Todo estaba blanco. Privado de visiones beatíficas, pero purificado del pecado, me encontré yaciendo en un lugar transitorio a la espera de algún modo de que alguien decidiera qué hacer conmigo. Esperaba que se decidieran pronto porque hacía frío. Frío y humedad. No había sonidos, pero debía ser así. La muerte es silenciosa. Aunque también debería ser más cálida. Curiosamente, uno de los lados de mi cara parecía estar mucho más frío que el otro y, por un terrible instante, pensé que la decisión ya había sido tomada y me encontraba en el infierno. Una nubecilla me ocupaba el pensamiento como si quisiera comunicarme algo; tuvo que pasar un rato para que me diera cuenta de que se trataba de mi propia respiración. Mi tormento terrenal no había terminado todavía. Levanté la cabeza despacio de la nieve y vi a un hombre cavando en la tierra, a pocos metros de mi cabeza. Extraña cosa cavar de aquella manera en un bosque en pleno invierno. Me pregunté por qué lo haría.
– ¿Por qué tengo que cavarlo yo? -protestó.
Parecía el único verdaderamente alemán de los tres.

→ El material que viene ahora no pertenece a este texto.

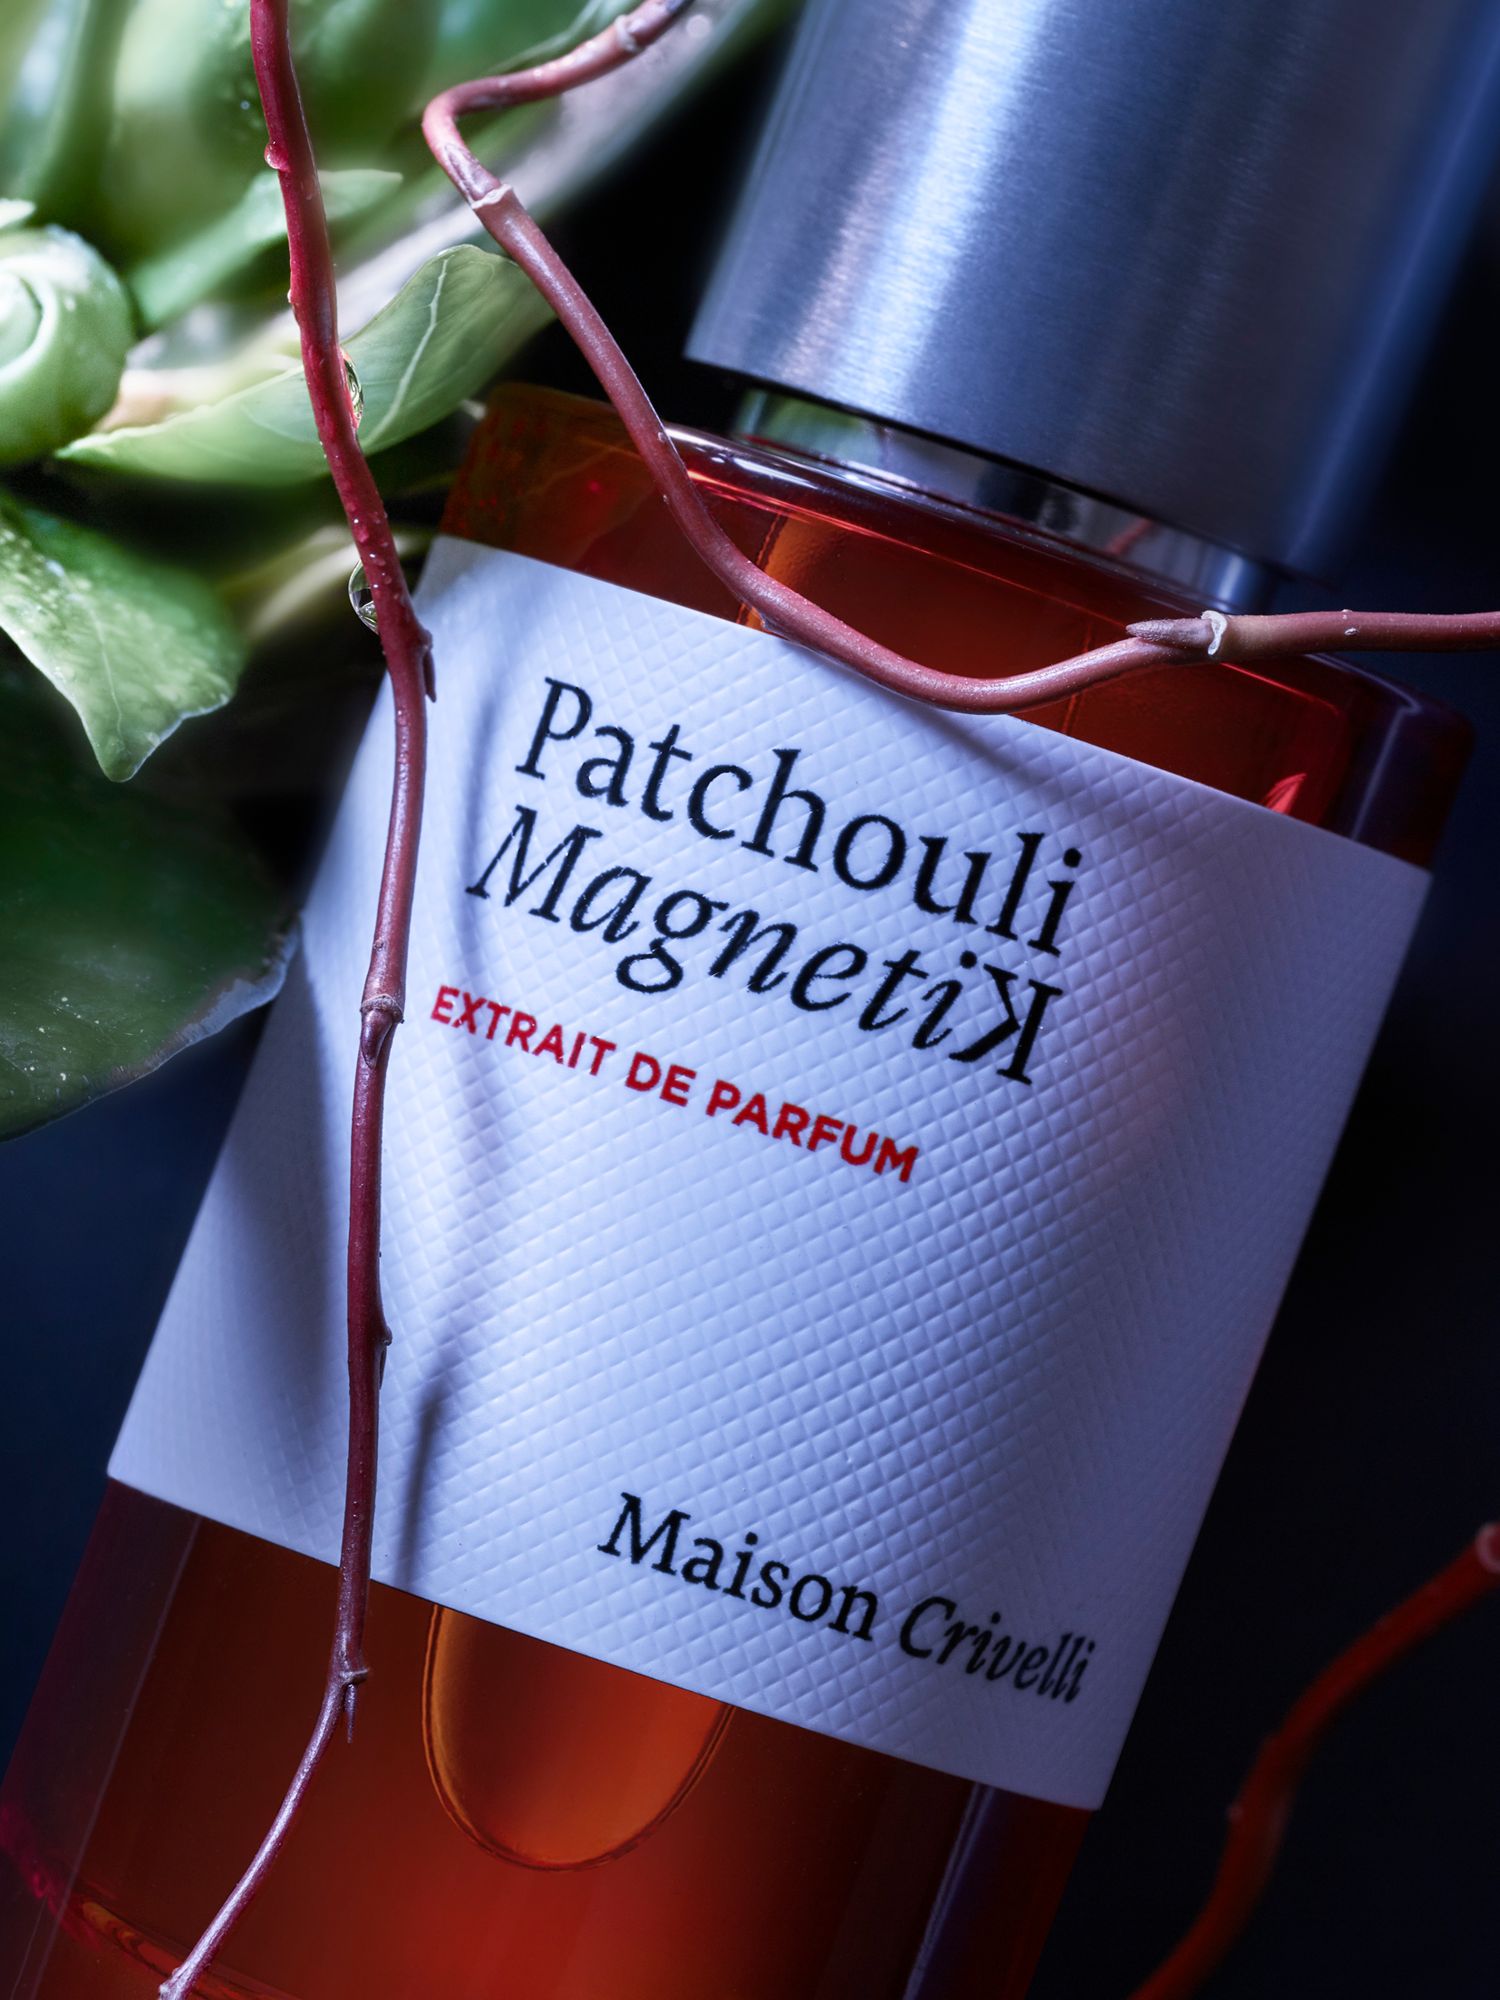 Maison Crivelli Patchouli Magnetik Extrait de Parfum, 50ml 3

– Porque tú lo has golpeado, Shlomo -dijo una voz-. Si no le hubieras pegado, podría haber cavado la fosa él mismo.
El que cavaba tiró la pala al suelo.
– Con esto debería bastar -dijo-. La tierra está helada. Pronto nevará lo suficiente para cubrirlo y aquí terminará todo para él hasta la primavera.
La cabeza empezó a dolerme terriblemente. Arrastré el brazo hasta la frente y dejé escapar un gruñido.

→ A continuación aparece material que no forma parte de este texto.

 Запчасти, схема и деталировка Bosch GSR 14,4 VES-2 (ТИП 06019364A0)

– Ya vuelve en sí -dijo la voz.
El que había estado cavando salió de la fosa y me jaló por los pies. Era el grande. El que me había golpeado. Shlomo. El judío alemán.
– Por el amor de Dios -dijo la voz-, no vuelvas a pegarle.
Aún débil, eché un vistazo alrededor. No había ni rastro del laboratorio de Gruen. Me hallaba en el límite de una arboleda en la ladera que quedaba encima de Mönch. Lo supe por el escudo de armas pintado en la pared de la casa. Me llevé la mano a la cabeza. Tenía un bulto del tamaño de una pelota de golf. Una que se hubiera pasado un centenar de metros del hoyo. Obra de Shlomo.
– Levantad al prisionero.
Era la voz de mi interrogador. Aquel frío no le hacía ningún bien a su nariz. Parecía el personaje de una canción que por entonces ponían en la radio a todas horas: Rudolph, the red nose reindeer.
Shlomo y Aaron -el más joven- me agarraron cada uno por un brazo y me pusieron en pie. Sus dedos parecían tenazas. Estaba disfrutando. Intenté hablar.
– Silencio -bramó Shlomo-. Hablarás cuando te toque, nazi hijo de puta.
– Que el prisionero se desnude -dijo el interrogador.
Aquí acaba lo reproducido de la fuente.